Within a few years, a pregnant woman might be able to have a simple blood test to determine whether the child she is carrying is afflicted with a number of serious genetic disorders — including Down syndrome, cystic fibrosis and Tay-Sachs disease.

Three studies published or presented this month demonstrate how foetal DNA can be isolated from the mother’s blood and checked for genetic abnormalities.

A test based on such technology could eventually replace amniocentesis and chorionic villus sampling — invasive tests that examine foetal DNA but carry a small risk of miscarriage. Such a test could also ignite new research into how some disorders might be treated in utero, says Dr Kenneth Moise, a professor of obstetrics and gynecology at Baylor College of Medicine in Houston.”This is a new age of being able to diagnose foetal genetic problems by doing a blood test of the mother,” he says. “The beauty of this whole thing is that we can do it at 8 to 10 weeks of pregnancy.”

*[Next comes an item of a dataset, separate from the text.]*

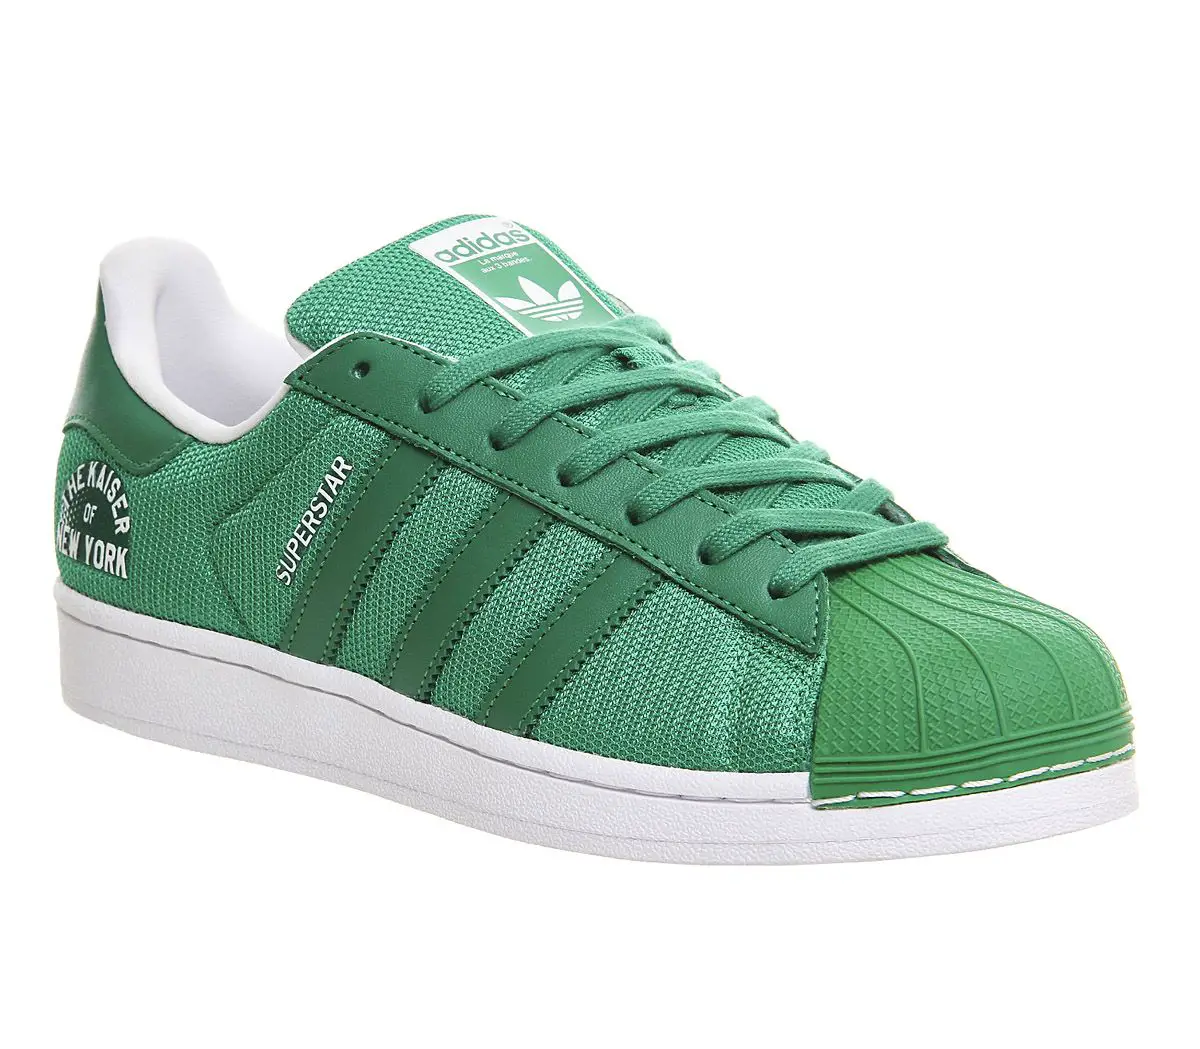 Adidas Superstar 1 Green White Beckenbauer Pack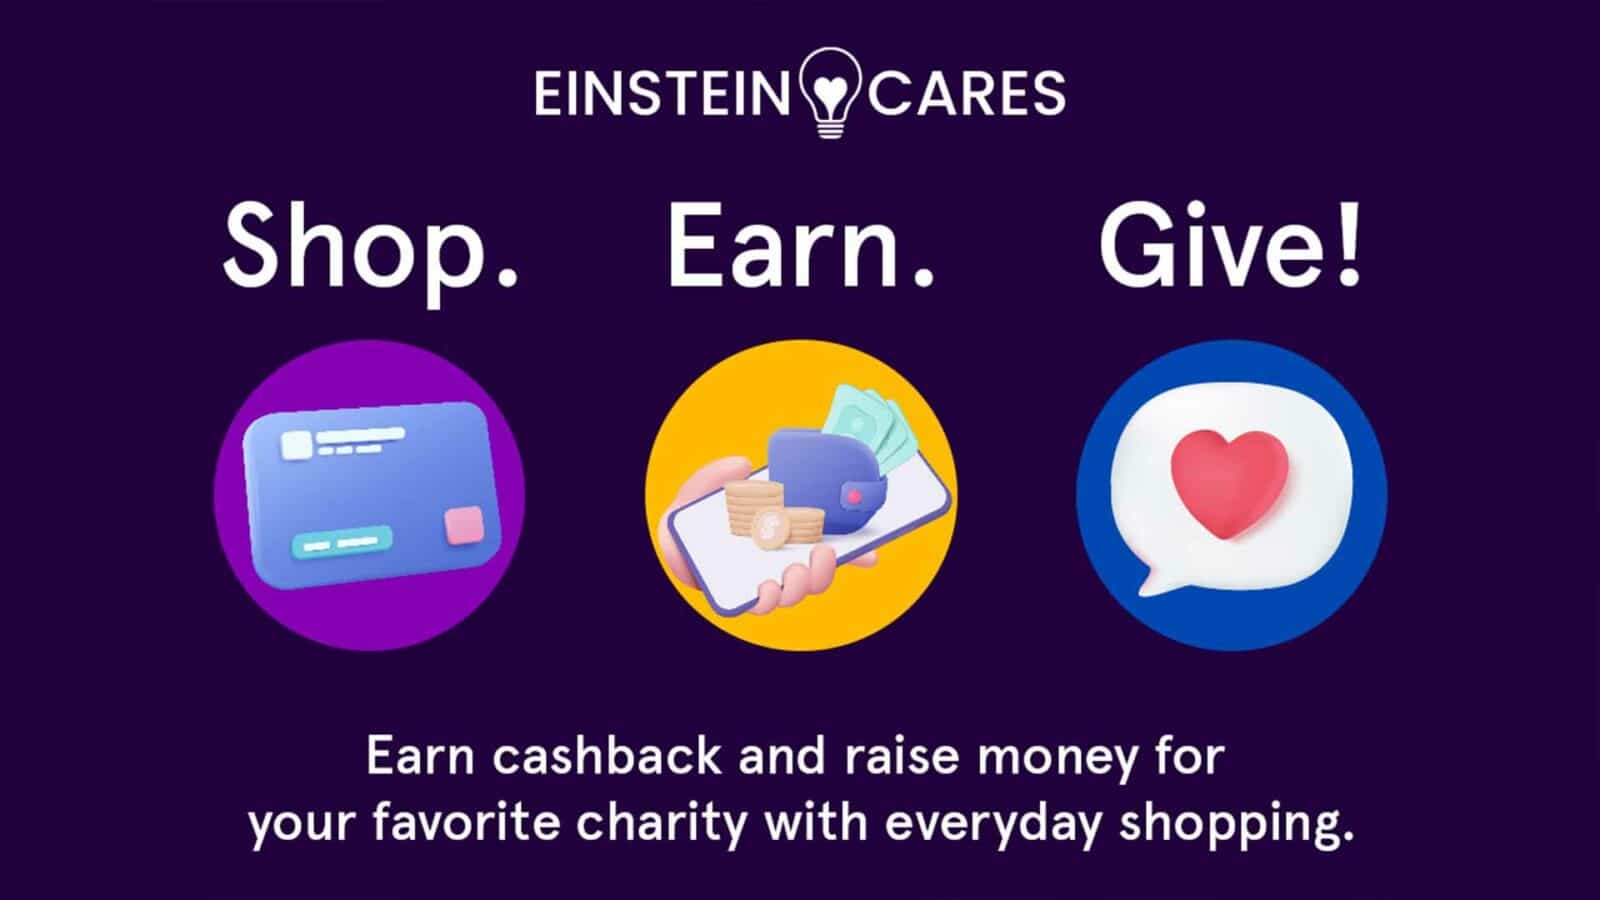 Einsteincares-Shop: Geld verdienen, Geld zurückgeben

Researchers have long known that foetal cells circulate in the mother’s blood and scientists have tried vigorously to develop a prenatal genetic test by isolating those cells. The foetal cells, however, are so scarce, Moise says, that “it was like looking for a needle in a haystack.” Moreover, because such cells can remain in a mother’s blood for many years, doctors couldn’t be sure if the cells were from the foetus or an earlier pregnancy.

About 10 years ago, however, new studies revealed that foetal DNA — packets of genetic code from a developing foetus but not whole foetal cells — also could be found in a pregnant woman’s blood. The discovery of this material, called free foetal DNA, launched new efforts to isolate the genetic material.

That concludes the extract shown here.